What is needed — Give all of the data again exactly as written, omitting every image.

Record extracts —
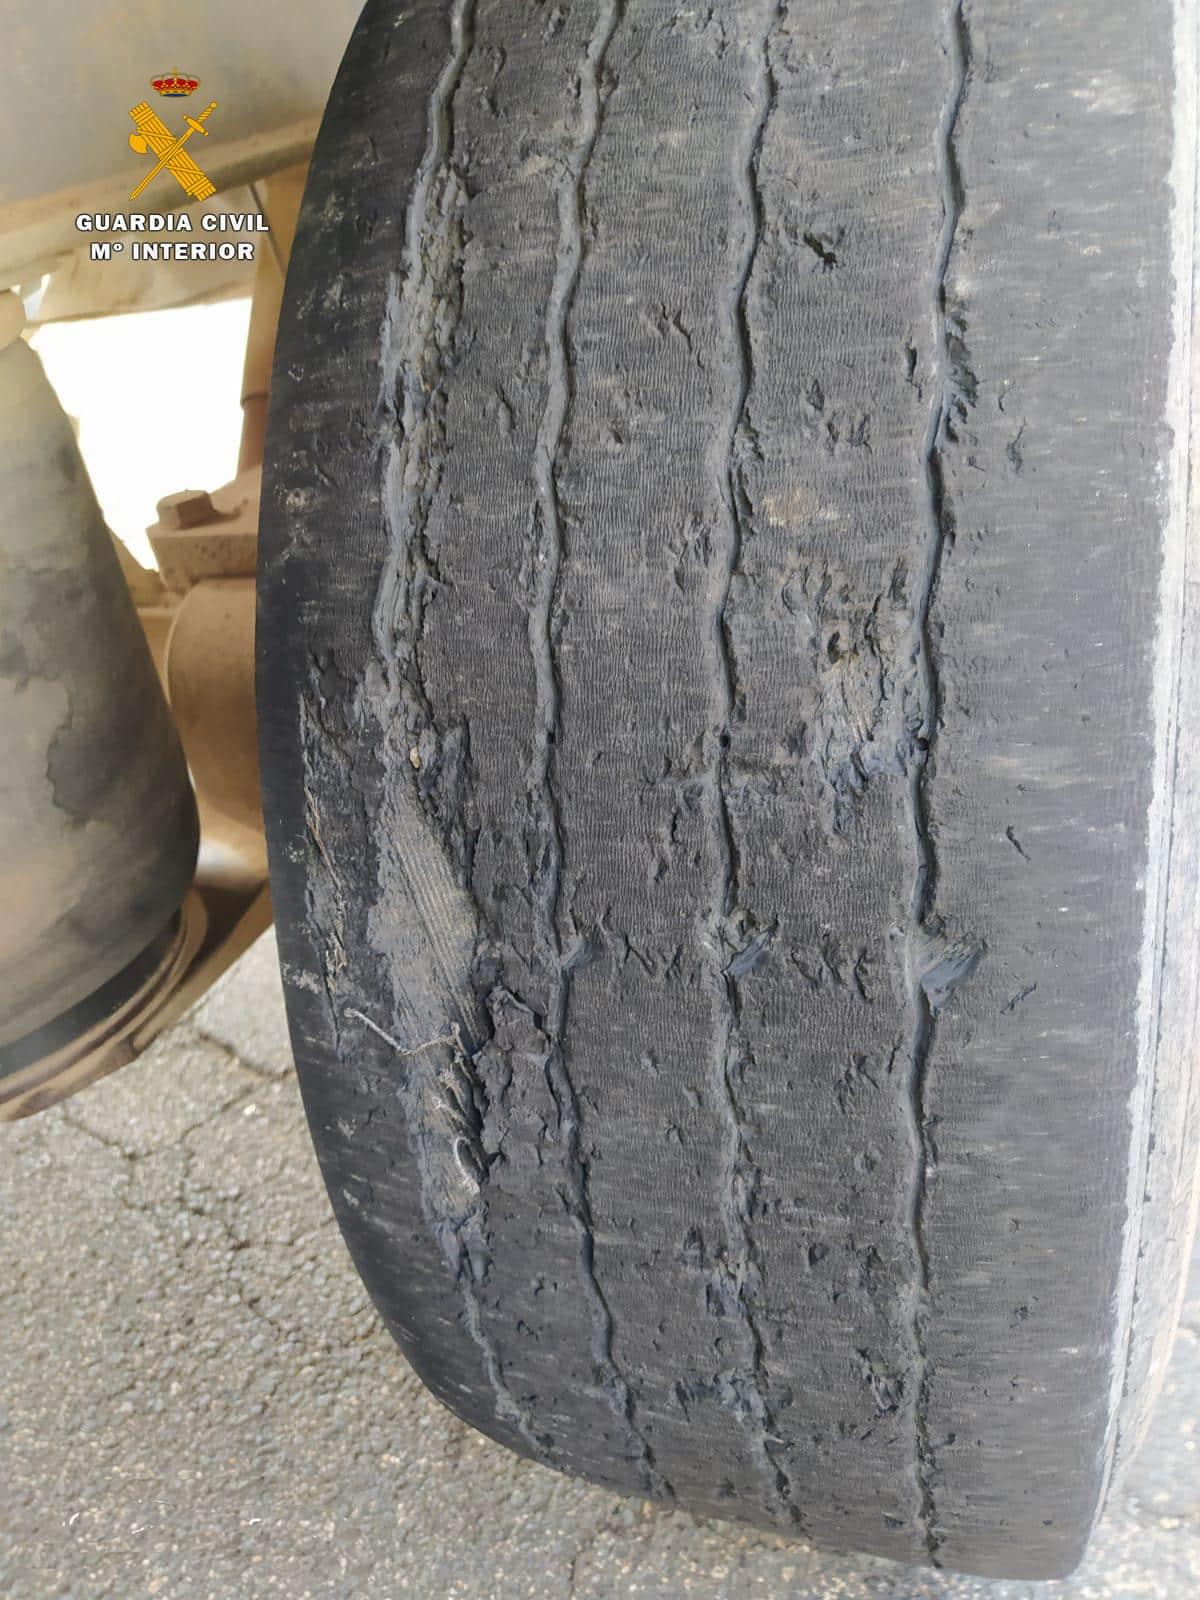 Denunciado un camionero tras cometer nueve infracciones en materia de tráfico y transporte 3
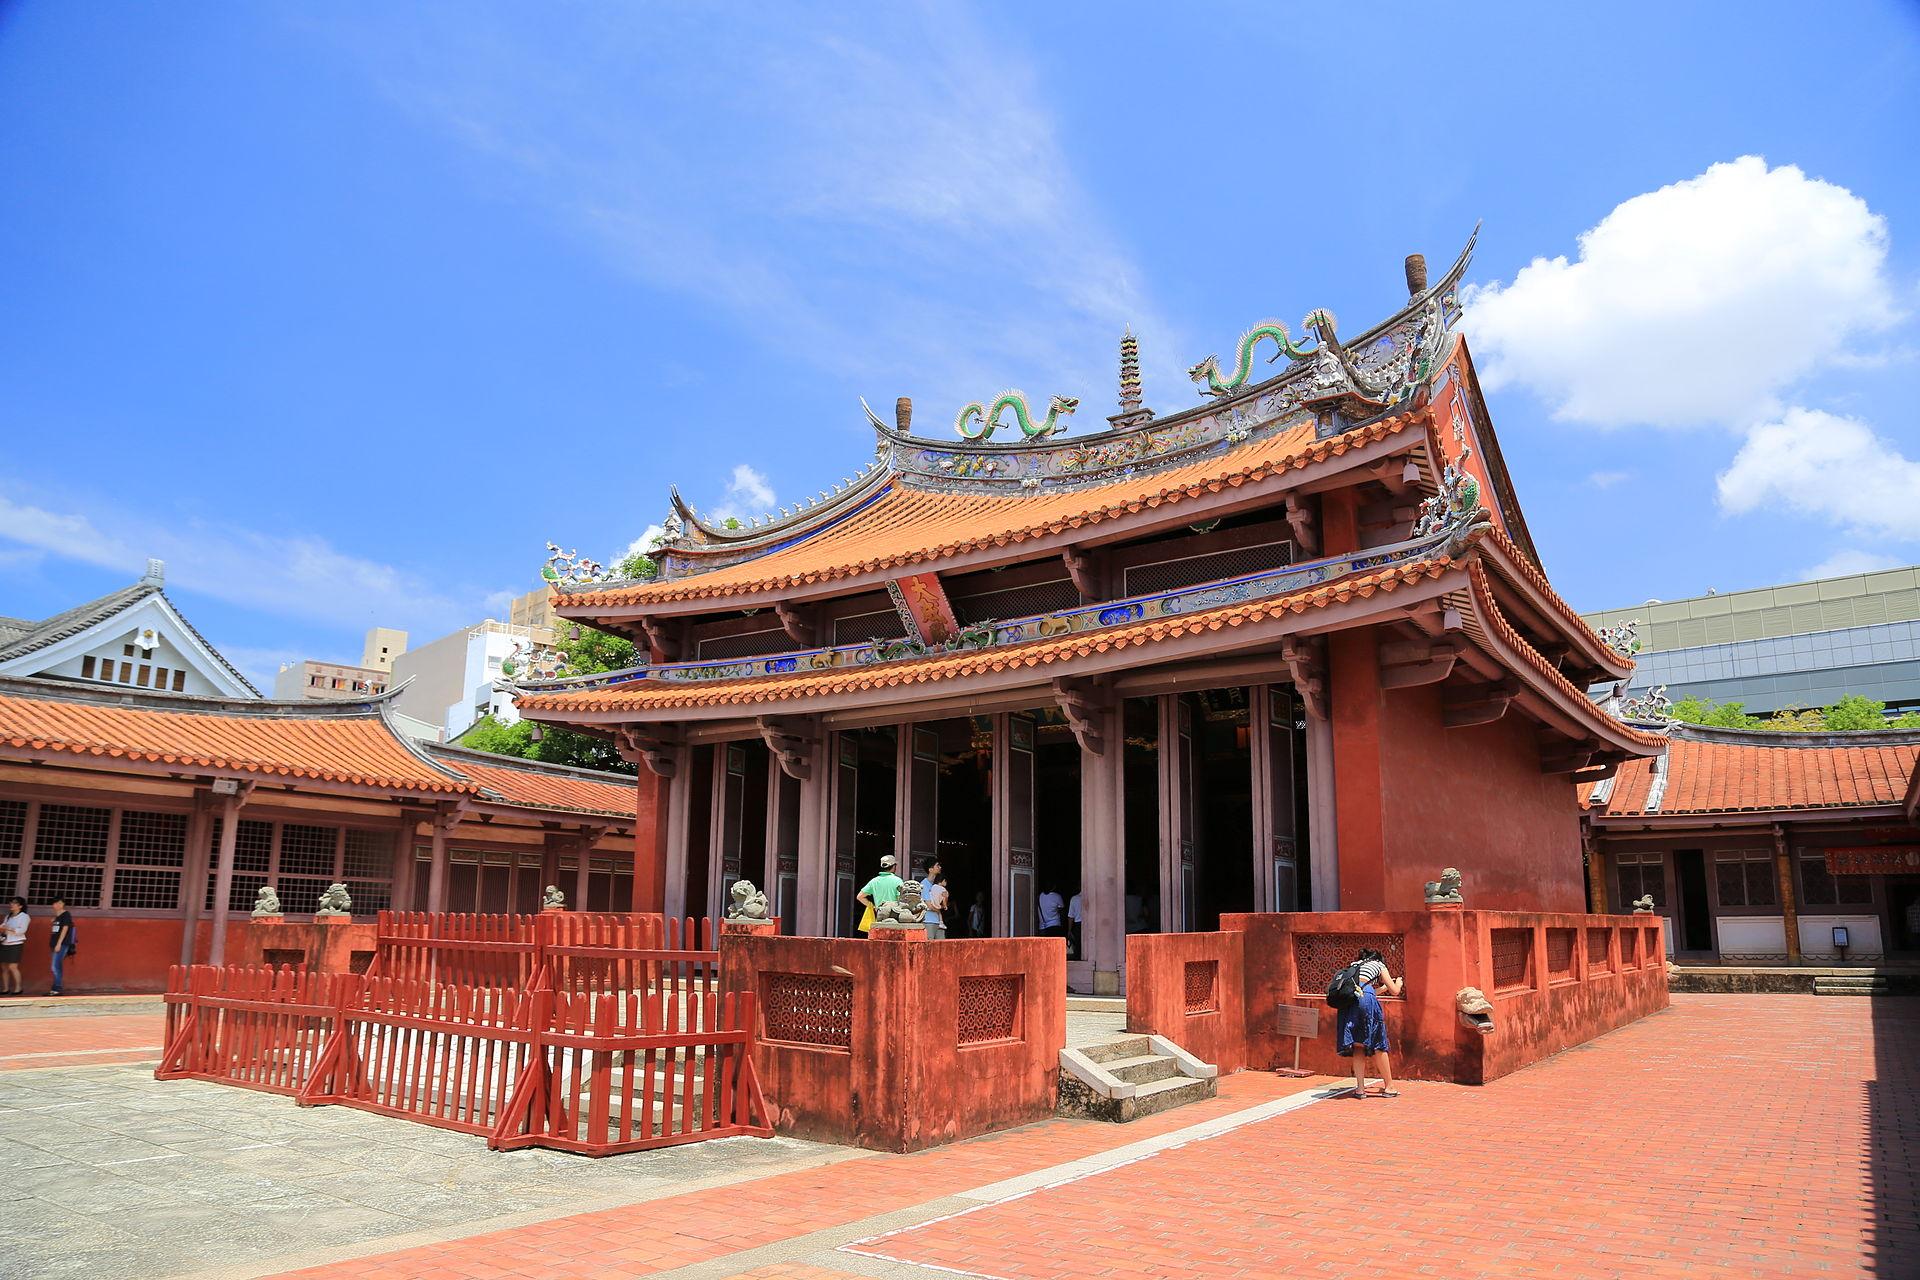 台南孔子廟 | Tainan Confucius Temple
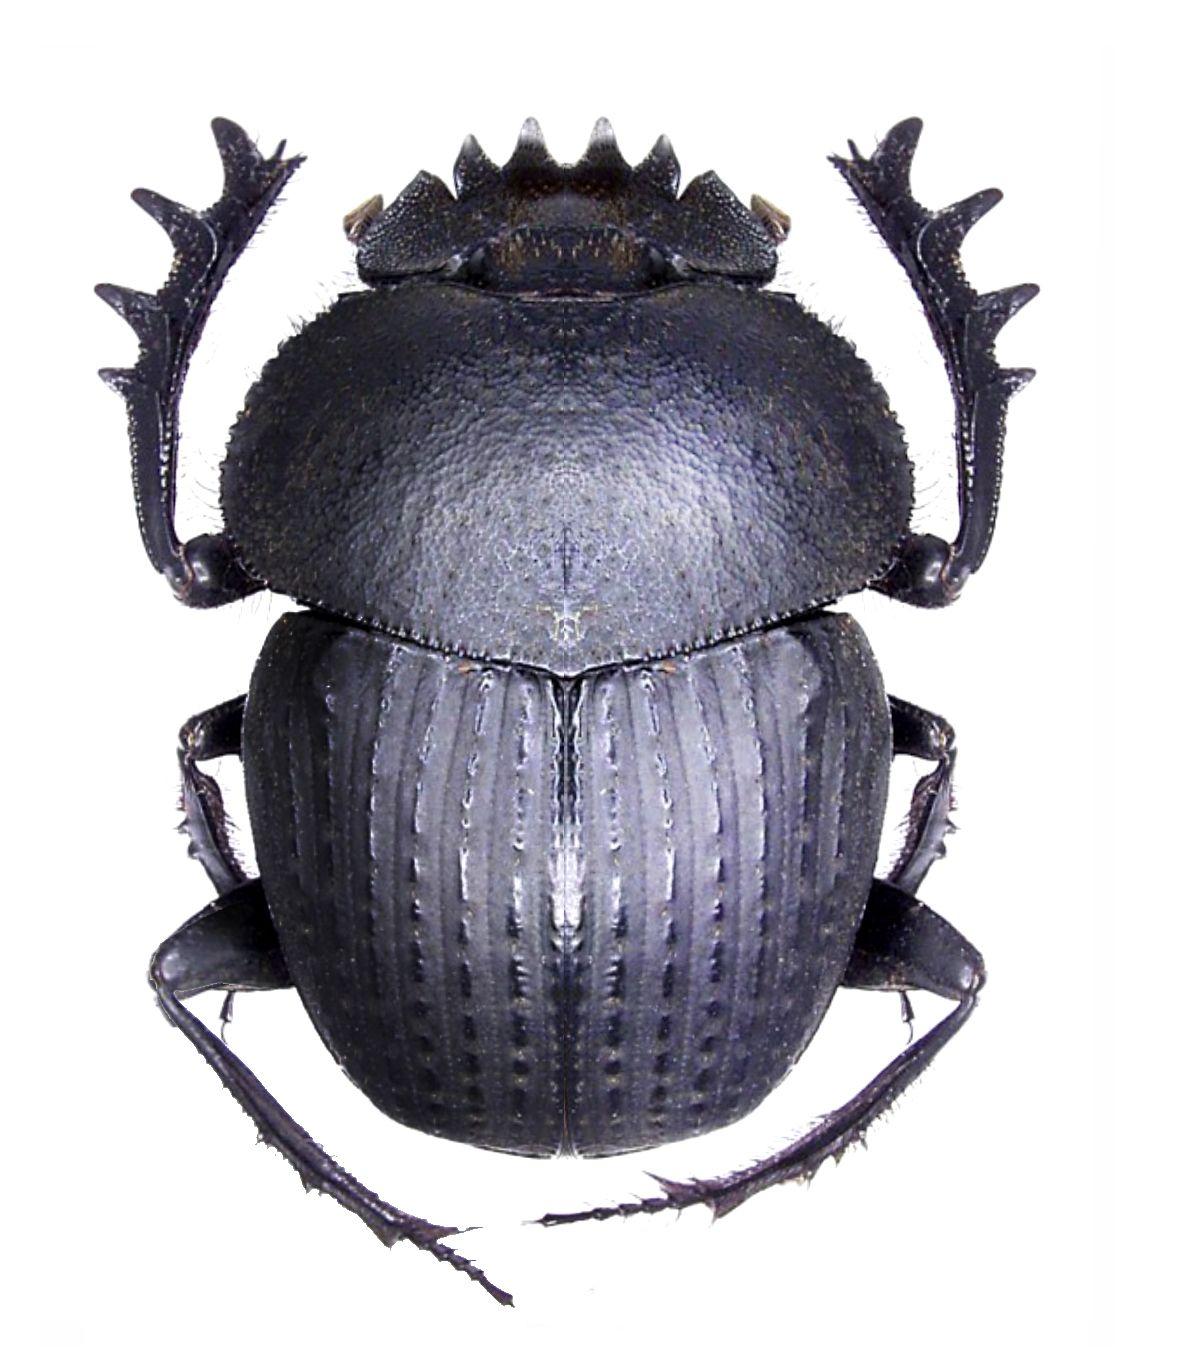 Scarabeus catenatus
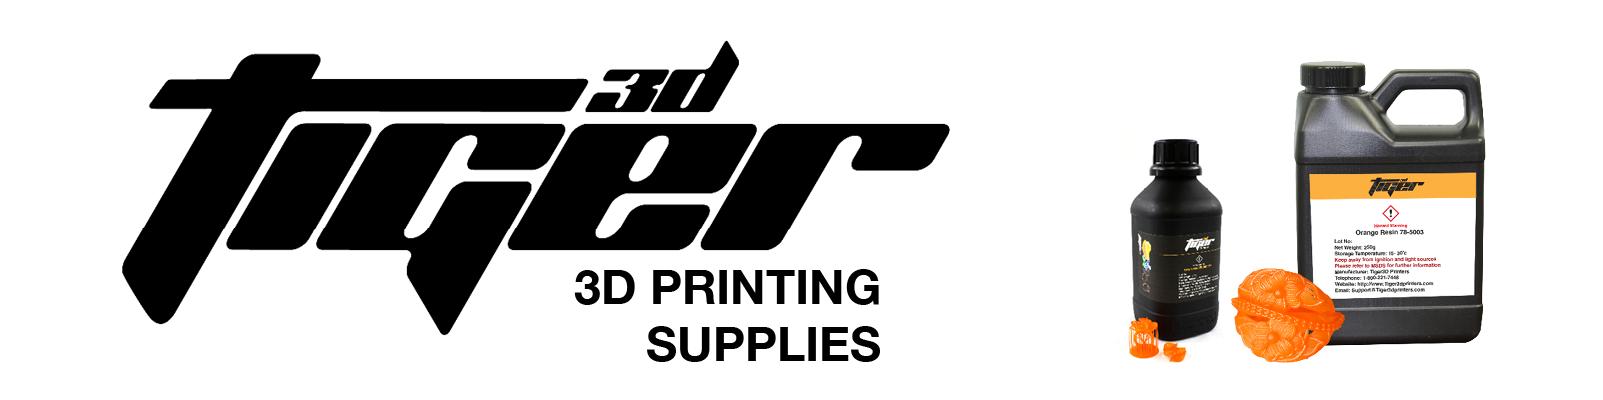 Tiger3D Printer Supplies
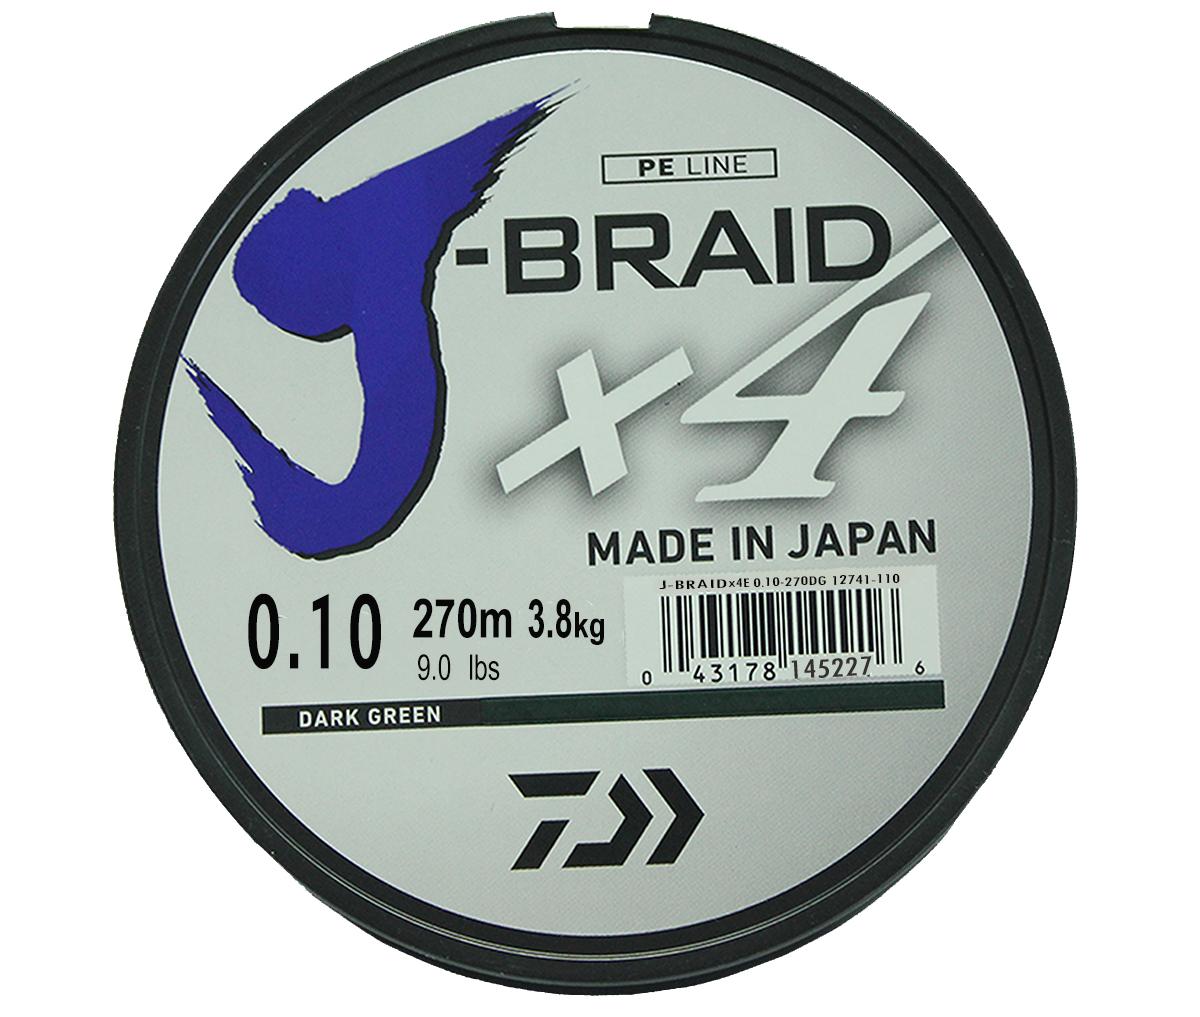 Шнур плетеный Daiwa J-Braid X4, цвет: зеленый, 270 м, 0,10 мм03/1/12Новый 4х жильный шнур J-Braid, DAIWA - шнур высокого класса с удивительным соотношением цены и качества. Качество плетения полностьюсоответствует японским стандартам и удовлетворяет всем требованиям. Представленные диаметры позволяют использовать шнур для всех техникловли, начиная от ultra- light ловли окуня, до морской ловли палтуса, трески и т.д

Task solution —
 Denunciado un camionero tras cometer nueve infracciones en materia de tráfico y transporte 3
 台南孔子廟 | Tainan Confucius Temple
 Scarabeus catenatus
 Tiger3D Printer Supplies
 Шнур плетеный Daiwa J-Braid X4, цвет: зеленый, 270 м, 0,10 мм03/1/12Новый 4х жильный шнур J-Braid, DAIWA - шнур высокого класса с удивительным соотношением цены и качества. Качество плетения полностьюсоответствует японским стандартам и удовлетворяет всем требованиям. Представленные диаметры позволяют использовать шнур для всех техникловли, начиная от ultra- light ловли окуня, до морской ловли палтуса, трески и т.д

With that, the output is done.